Le développement et la maturation du système immunitaire humain sont influencés à la fois par la génétique de l'hôte et par des éléments environnementaux. Le microbiote joue un rôle primordial dans la maturation de l’épithélium intestinal, et renforce sa fonction barrière en stimulant les jonctions serrées et la production de mucus. La maturation du tissu lymphoïde associé à l'intestin dépend de l'interaction postnatale avec le microbiote, permettant l'expansion du tissu lymphoïde et la formation des centres germinaux contenant des cellules B sécrétrices d'IgA (Sommer and Bäckhed, 2013). Les souris axéniques, c’est-à- dire sans germes, présentent un faible nombre de plaques de Peyer, ainsi que des niveaux plus bas d'IgA, comparativement aux souris conventionnelles. Ces résultats suggèrent que le microbiote intestinal est impliqué dans la production d'IgA au niveau des muqueuses (Wu and Wu, 2012). Le microbiote joue un rôle considérable aussi dans la régulation du système immunitaire en modulant l’activation des DCs et la polarisation des lymphocytes T (Figure 9). Certaines bactéries, telle que la bactérie filamenteuse segmentée (SFB), stimulent plus particulièrement les réponses Th17 importantes dans les mécanismes de défense et de renforcement de la barrière, alors que d’autres microorganismes favorisent les réponses T régulatrices contribuant ainsi à restaurer la balance immunitaire. Notamment certains lactobacilles ou bifides induisent préférentiellement une polarisation vers des réponses de type T régulatrices (Macho Fernandez et al., 2011).

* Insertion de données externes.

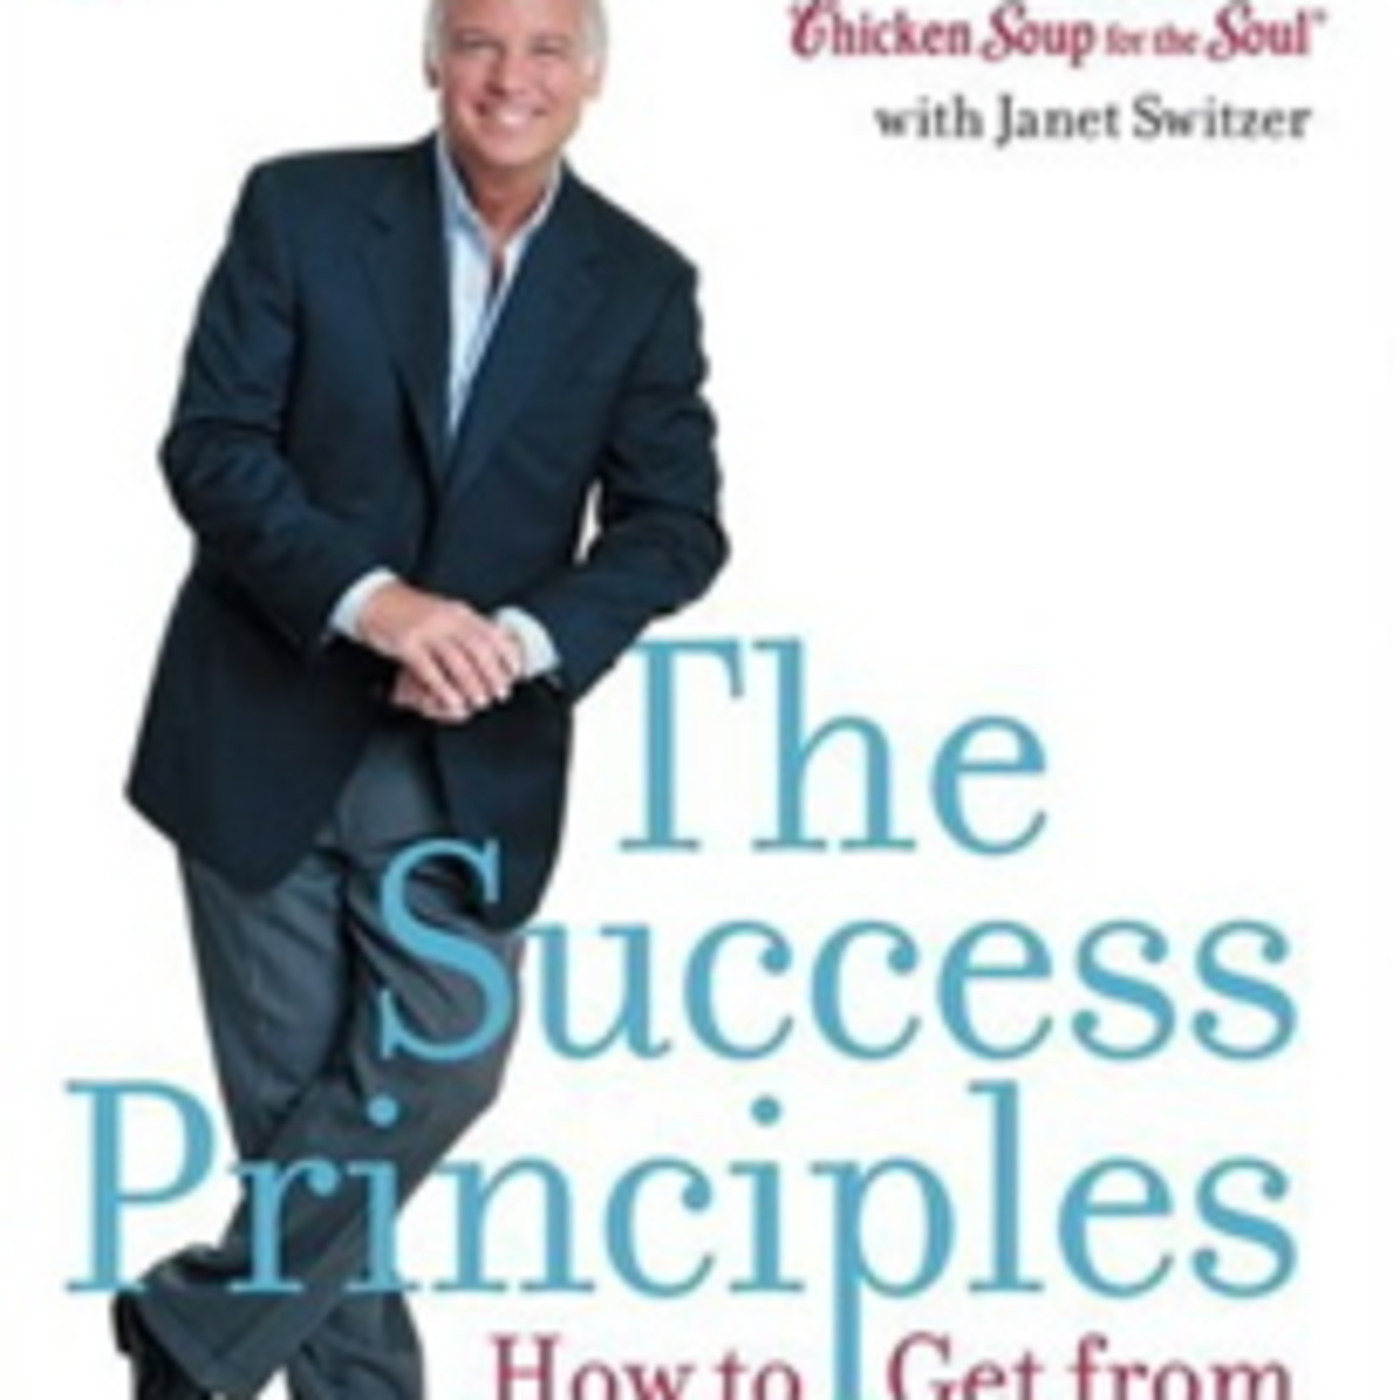 Q&A: JACK CANFIELD, Author

Figure 9: Déséquilibre de la production des cytokines anti-inflammatoires et pro- inflammatoires chez les patients atteints de MICI

Le microbiote intestinal joue également un rôle essentiel dans la prévention contre la colonisation d’agents infectieux. Le mécanisme implique de multiples processus tels que la compétition avec les pathogènes sur les éléments nutritifs, la saturation des récepteurs et l’occupation de niches, la production de substances anti-microbiennes par les bactéries telles que les bactériocines et la stimulation des cellules de Paneth de l’hôte à produire des peptides anti-microbiens.

Le microbiote joue donc un rôle dans les fonctions principales de notre organisme, fonctions digestives, métaboliques, immunitaires et neurologiques. En conséquence, toute altération durable de sa composition appelée dysbiose, entrainant une altération qualitative et fonctionnelle du microbiote, peut avoir des conséquences dramatiques et entrainer le développement de pathologies chroniques, inflammatoires, auto-immunes ou métaboliques ainsi que des pathologies comportementales (Lepage et al., 2011; Willing et al., 2010). Des dysbioses ont été associées à diverses pathologies humaines, telles que les MICIs, et le syndrome du côlon irritable (Collins, 2014), la diarrhée chronique (Swidsinski et al., 2008), l'obésité (Le Chatelier et al., 2013), le diabète (Qin et al., 2012), l'autisme (Adams et al.,

2011), le cancer colorectal (Schwabe and Jobin, 2013), les maladies cardiovasculaires (Serino et al., 2014), et les pathologies hépatiques (Miura and Ohnishi, 2014).